日航、ジャンボ機事故の展示施設を移転
スペース拡大、安全策もパネルで
1985年に起きた日本航空ジャンボ機墜落事故で、機体の一部や乗客らの遺品を展示する「安全啓発センター」が移転し、10日に再び開館した。スペースが広がり展示品が見やすくなった他、事故防止に向けた同社の取り組みがパネル展示として新たに加わった。
センターは2006年4月、社員教育のために東京都大田区の羽田空港近くに開設されたが、建物老朽化などに伴い、近くの別のビルに移転が決まった。
移転先の展示品は従来と同じだが、約650平方メートルから約740平方メートルに拡張。従来は分割されていた事故機の垂直尾翼が一続きに横たえて展示され、10メートルの長さが一目で分かるように。事故原因とされる圧力隔壁も、修理ミスのあった部分を見やすく配置した。
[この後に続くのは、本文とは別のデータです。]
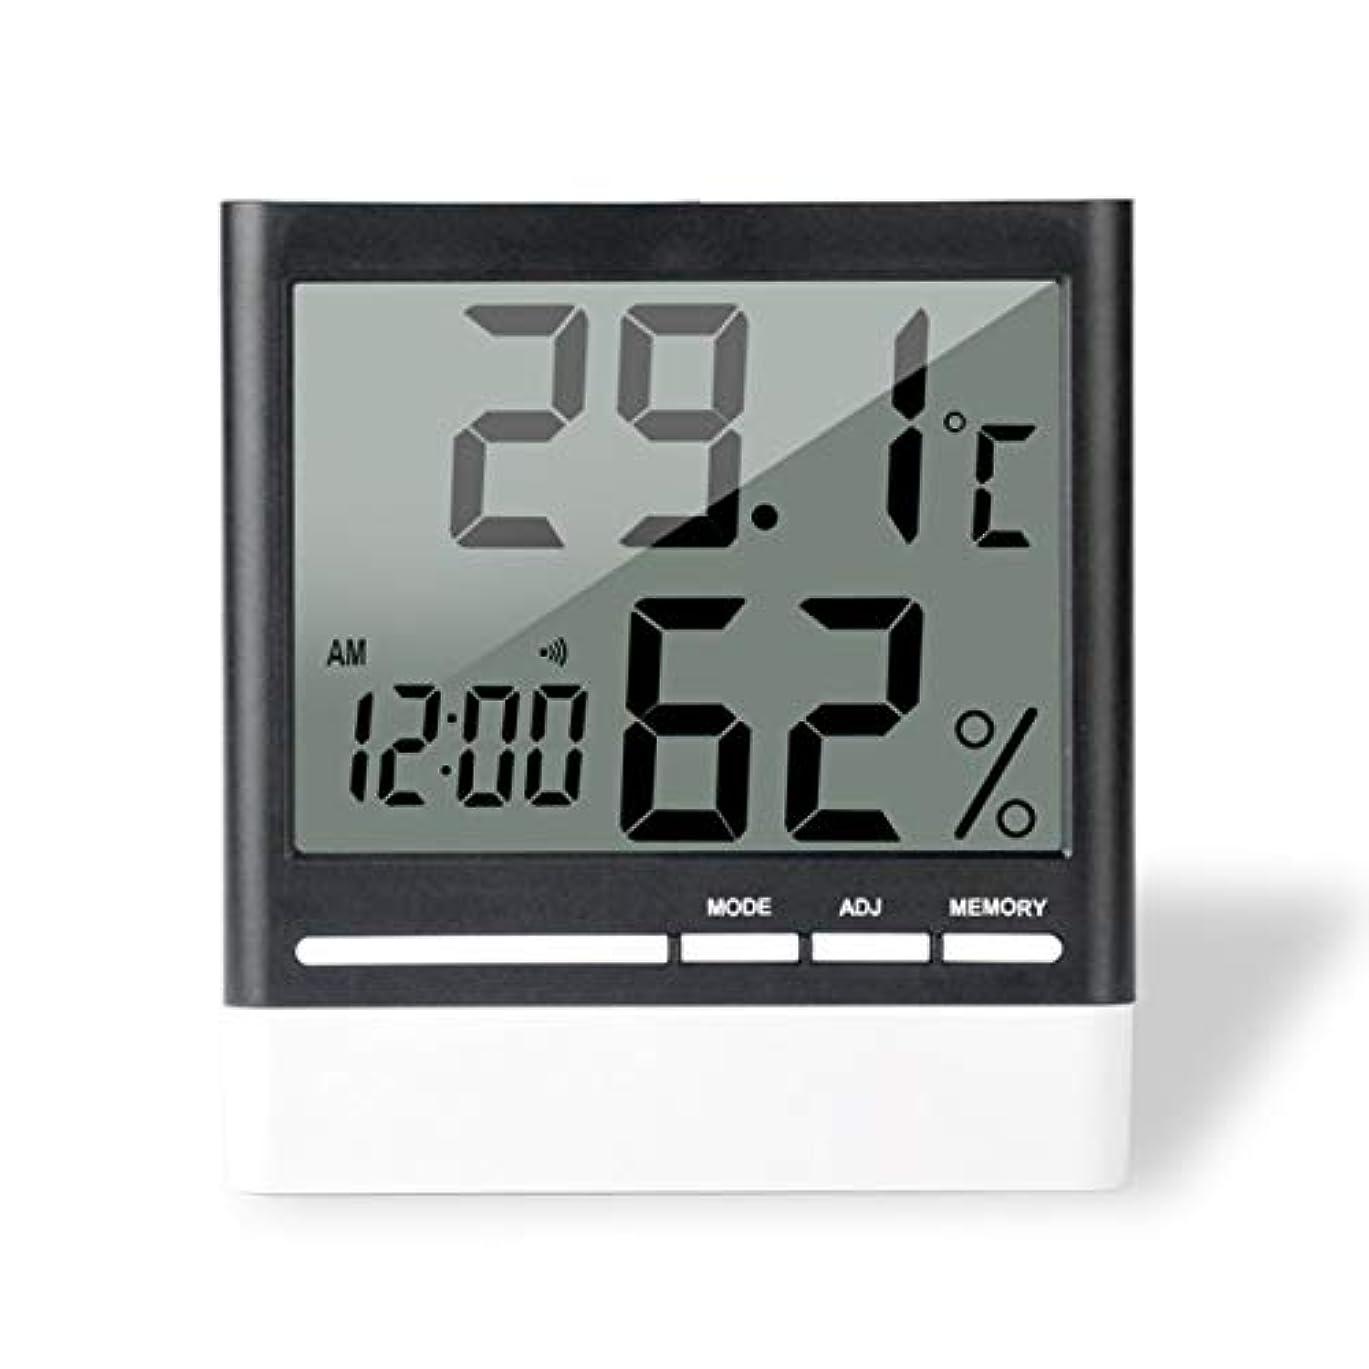 値する考古学別れるSaikogoods 電子体温計湿度計 デジタルディスプレイ 温度湿度モニター アラーム時計 屋内家庭用 ブラック

併設された資料室には、事故に関する資料や世界中の事故情報がまとめられた他、「事故から何を学び、何をやるかが大事」(同社幹部)として、同社の取り組みが書かれたパネルが加えられた。
見学した同社地上職員の古屋啓樹さん(29)は、「事故を知らない社員が増える中、風化させないための役割は大きいと思った」と話した。